Fandom as a whole has a pretty active immune system, which doesn’t mean we have a good immune system. We try very hard to be aware of all the viruses and -isms and abuse and manipulation and cruelty, both systematic and individual, that exists around and within our community. We’re primed and ready to shout about things at all times. The anti movement is that system, that culture, screaming and shouting and fighting at a harmless thing on a grand scale. It wants to stop that thing, that scary awful thing that trips all of its well-primed danger sensors, at all costs. It’ll swell up and block off our airways (our archives) if it has to. It’ll turn on the body it came from. It’s scared and protective and trying to fight, and it’s ready to fight and destroy itself.

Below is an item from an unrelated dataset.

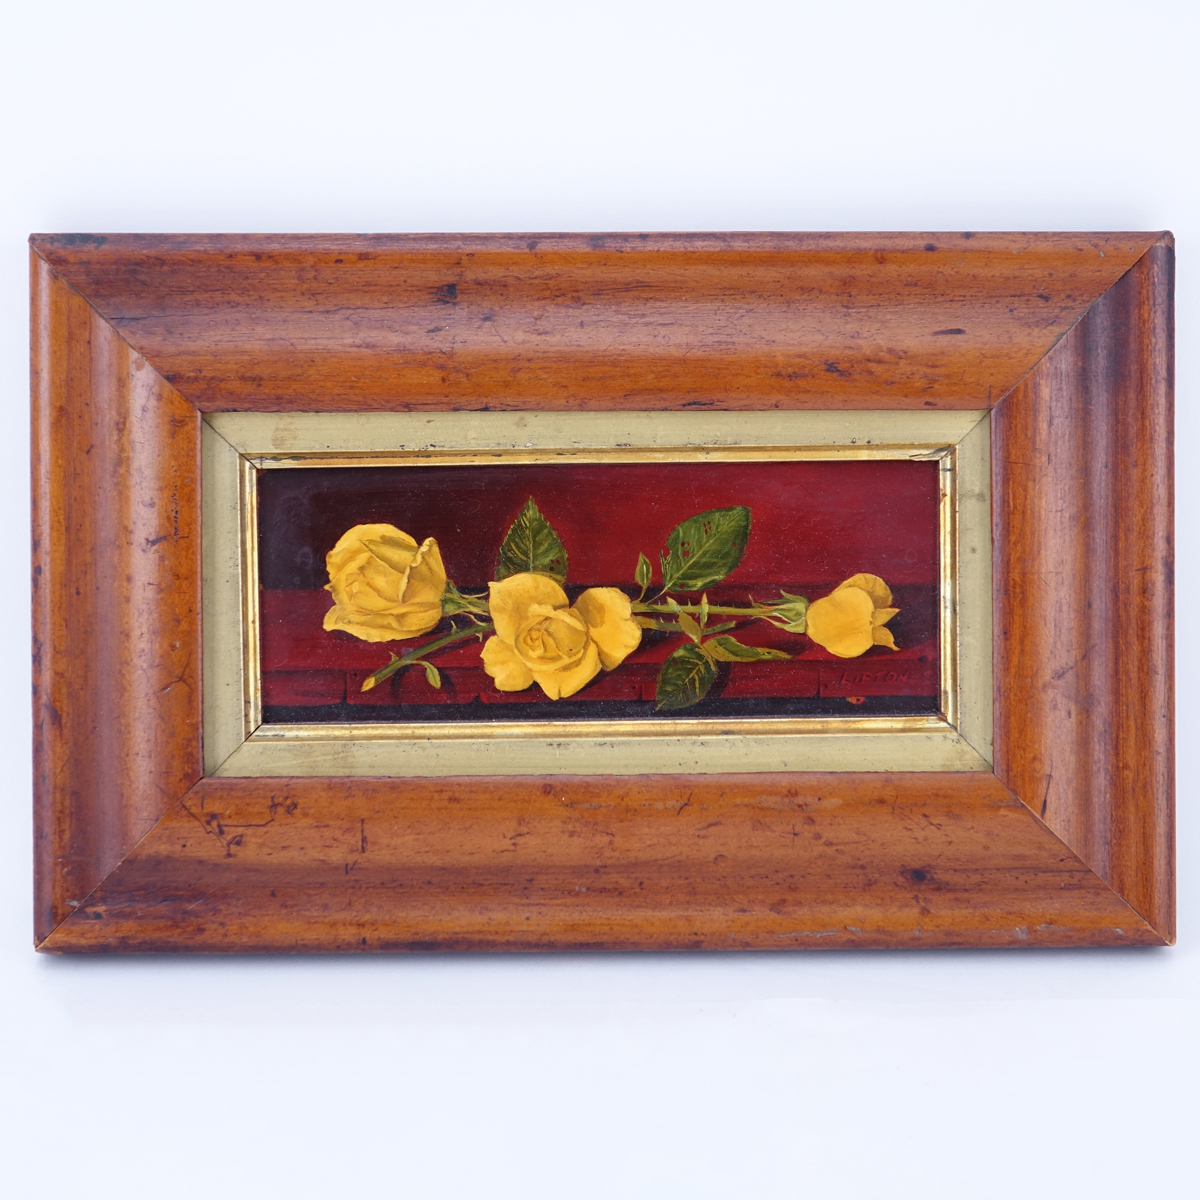 American School Oil On Board "Still Life Of Roses" Signed Lipton. Good condition.
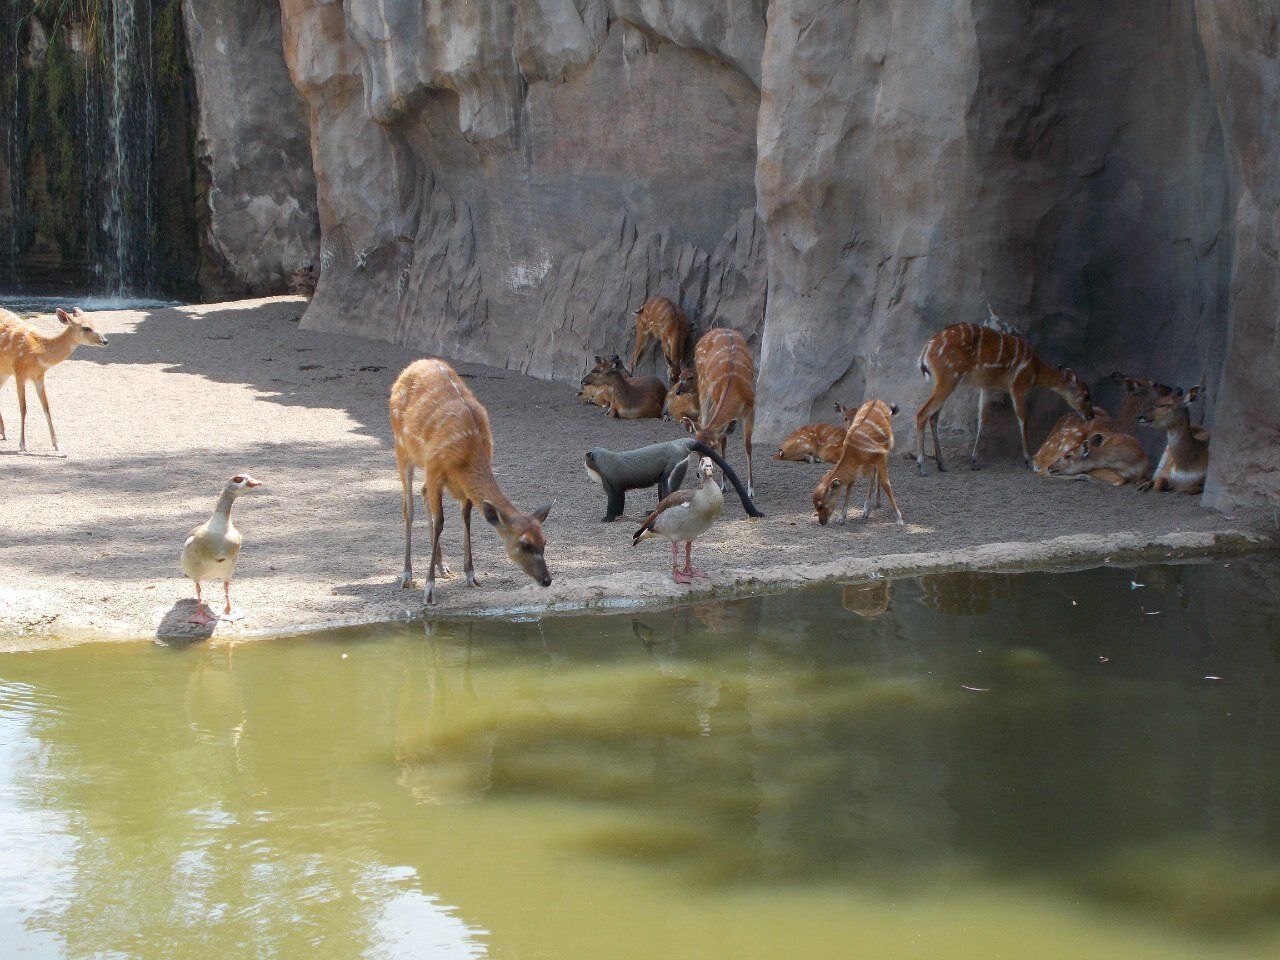 Roe deer, monkeys and birds live together in one area of the biopark

Luckily, fans and fanfic and fandom and fan culture are a lot bigger and older than they often get credit for, and it’s not like these cultural allergies are anything new. We could talk about shippers and slashers in the X-Files fandom in the 90s. We could talk about the birth of fandom in the days of Star Trek. We could talk about censorship and book burning going back centuries. We survived that and we’ll survive this, too.
But god, does the anti movement my throat and eyes itch. Man is it irritating, and sometimes a little suffocating, to realize how many stories just aren’t getting told out of fear of what the antis will say. And that’s the real danger, I think. What are we losing that would have so much value to someone? What are we missing out?